What this task involves: Using the material below, repeat exactly the lines from the one with "Shaquille O'Neal has" through the one with "6-32 x 1.5D", ends included, without any images.

Dataset records:
==*==

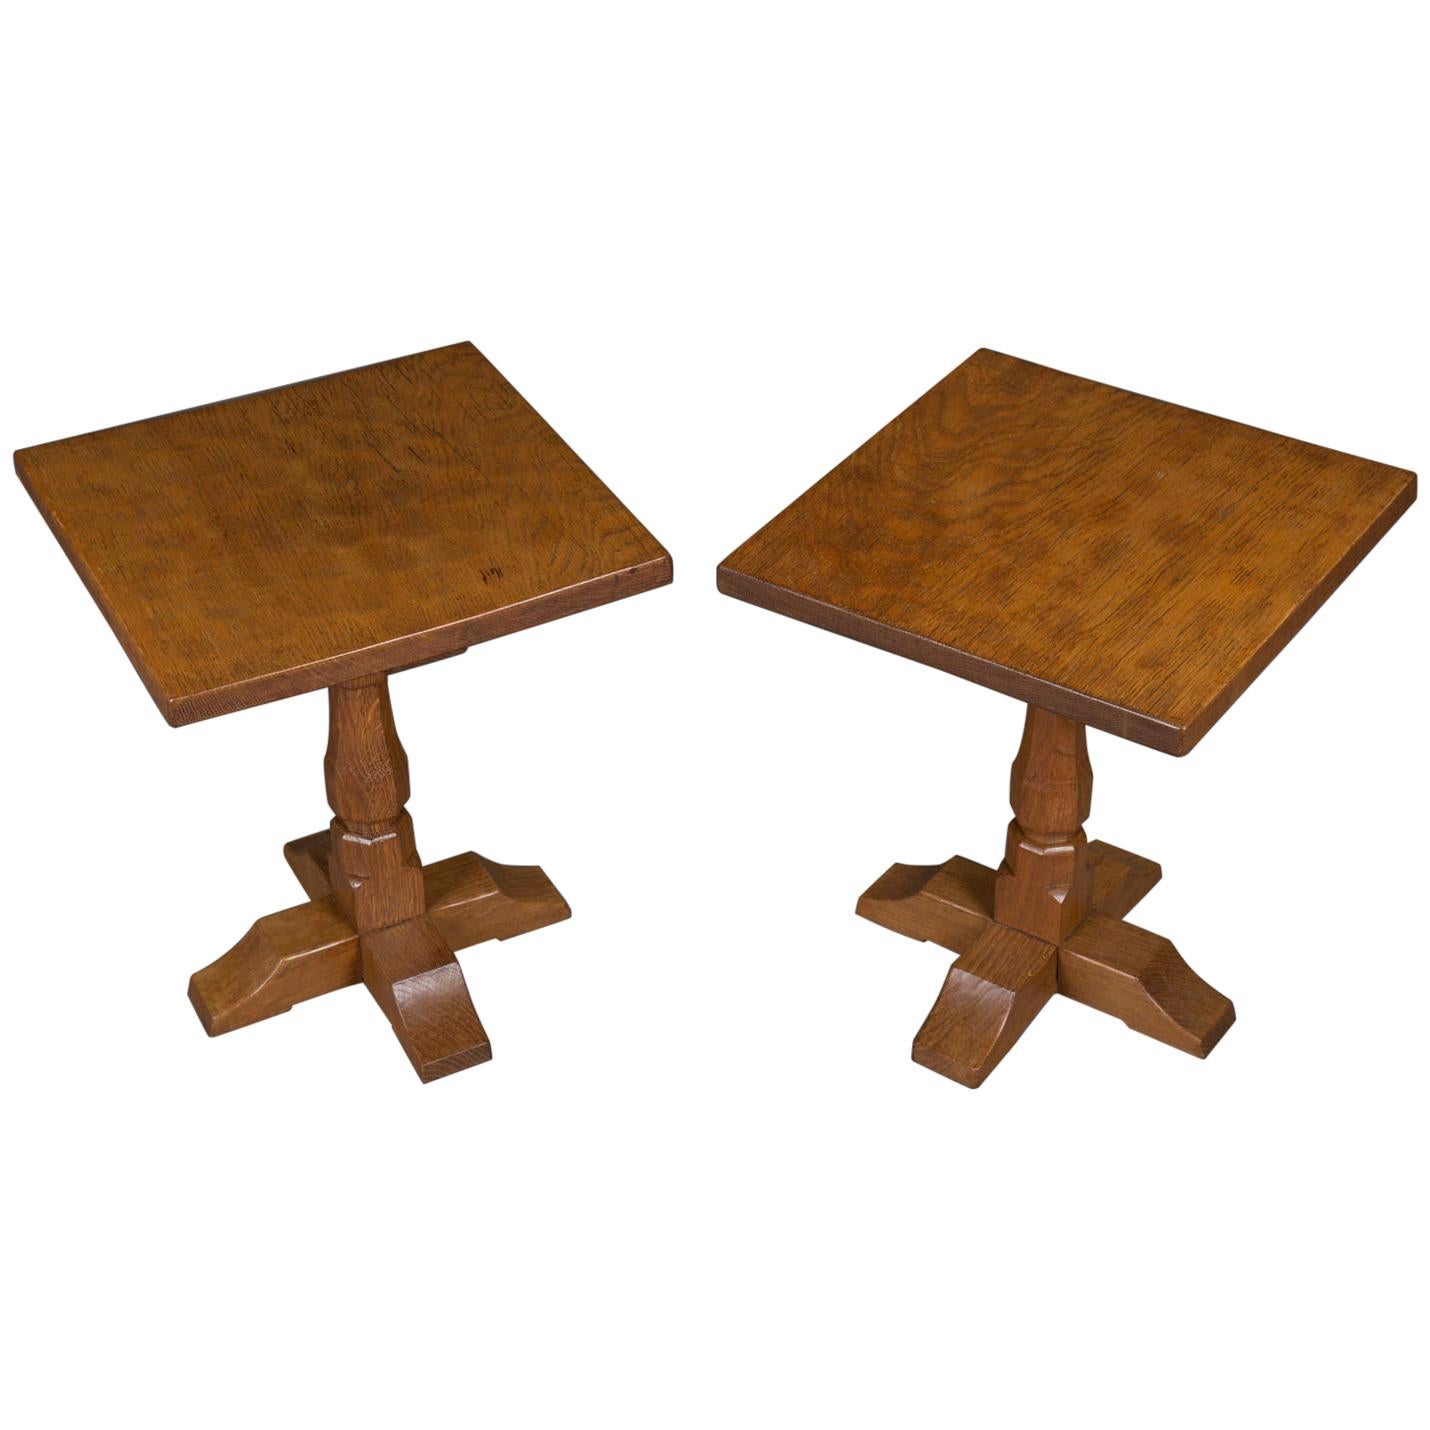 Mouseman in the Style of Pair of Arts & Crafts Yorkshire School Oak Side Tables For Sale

==*==

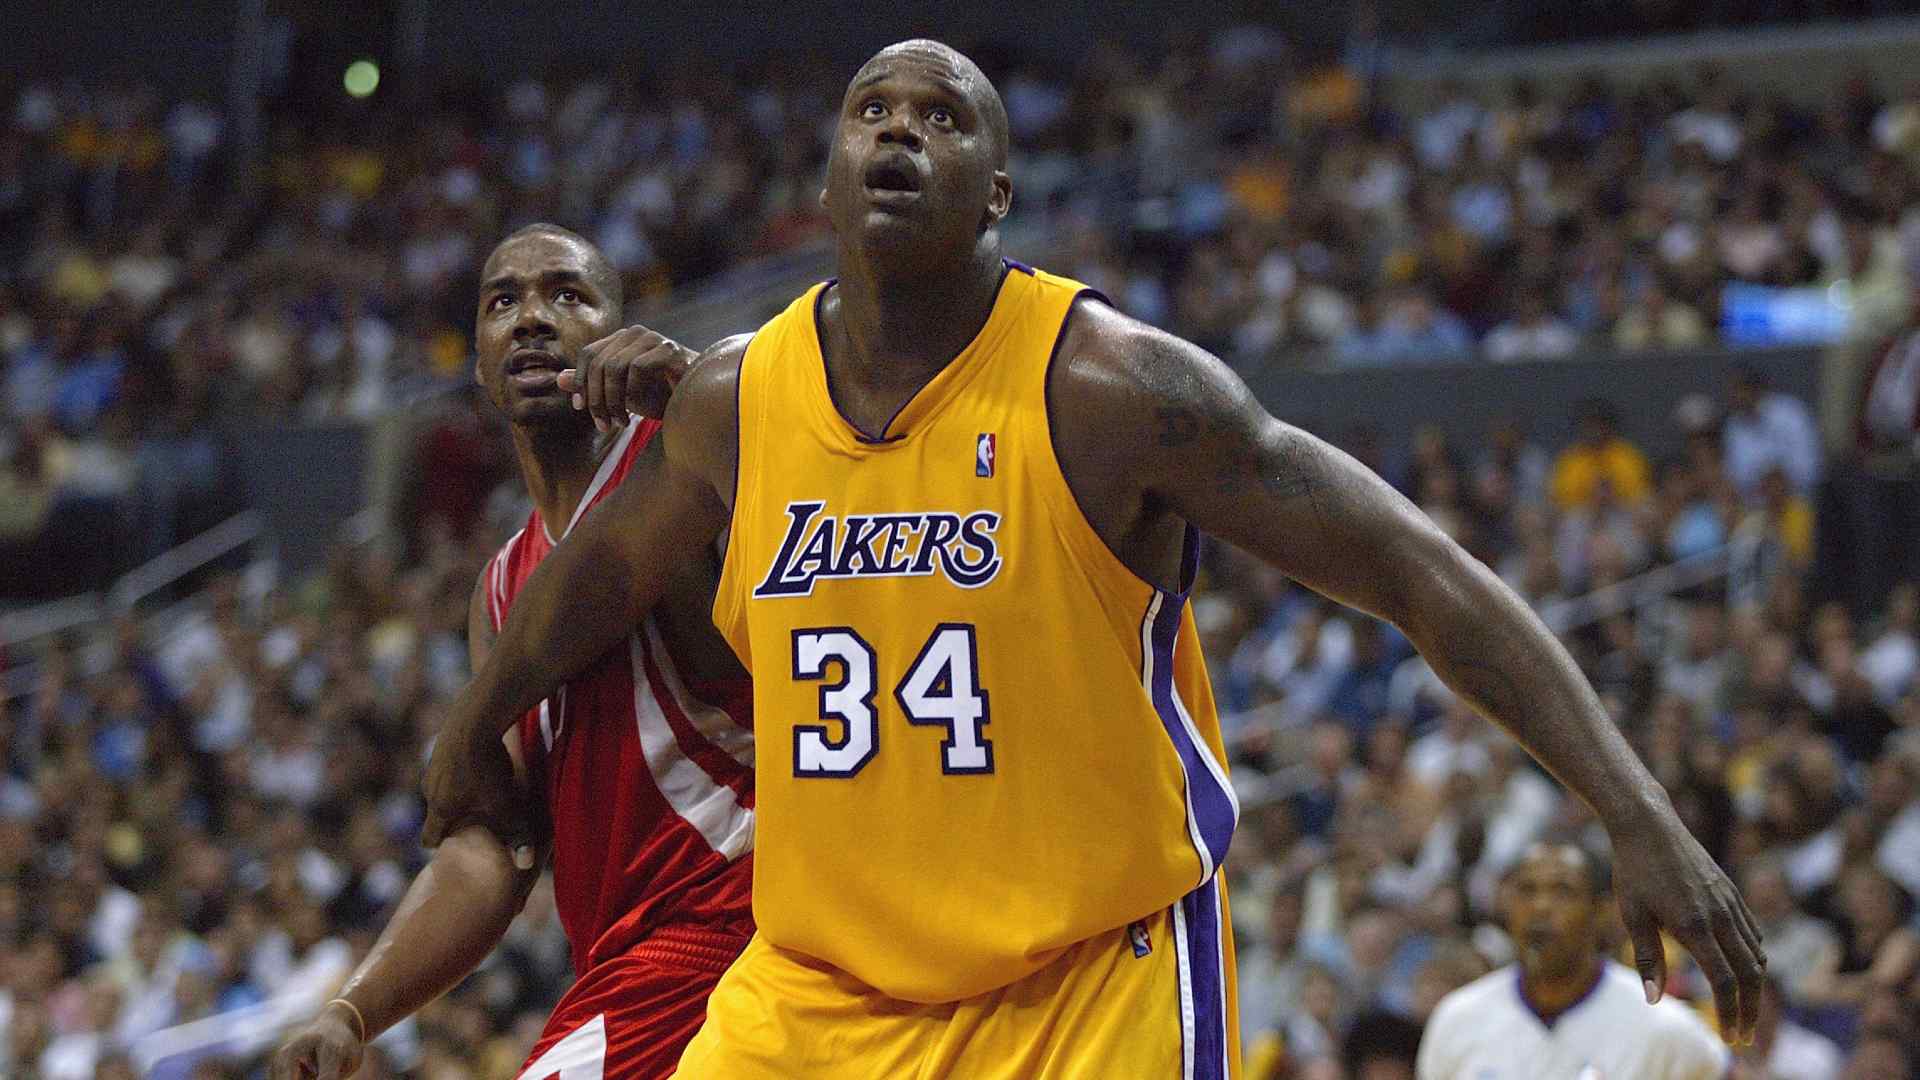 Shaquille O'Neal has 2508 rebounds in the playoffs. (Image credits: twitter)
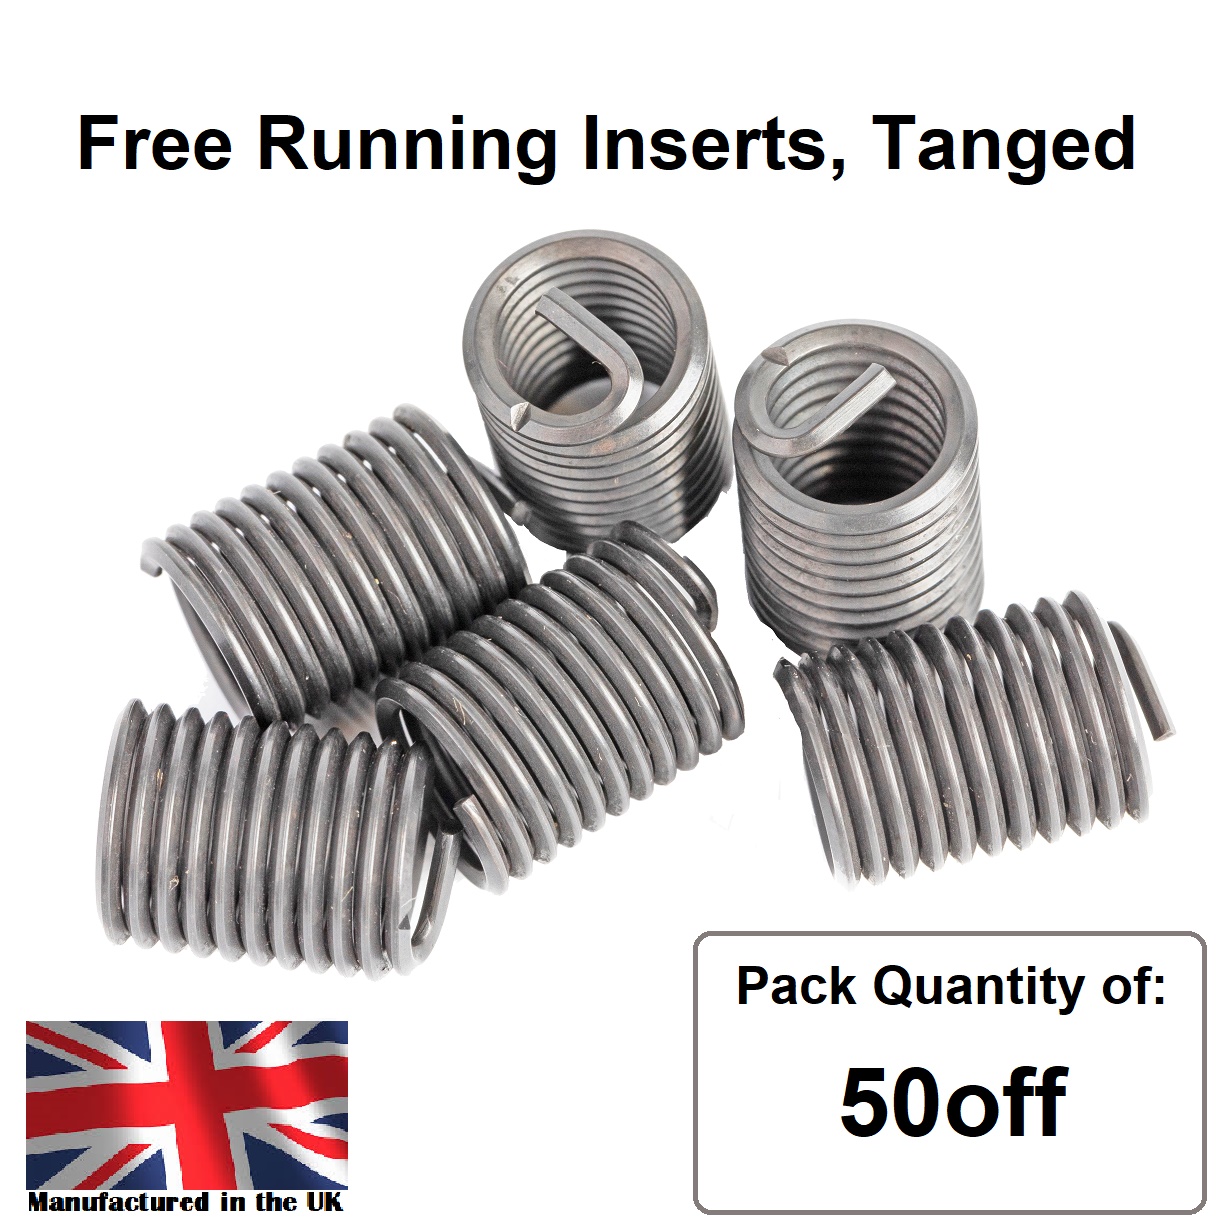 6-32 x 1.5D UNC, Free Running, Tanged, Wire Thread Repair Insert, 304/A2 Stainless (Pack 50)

==*==

Written answer:
 Shaquille O'Neal has 2508 rebounds in the playoffs. (Image credits: twitter)
 6-32 x 1.5D UNC, Free Running, Tanged, Wire Thread Repair Insert, 304/A2 Stainless (Pack 50)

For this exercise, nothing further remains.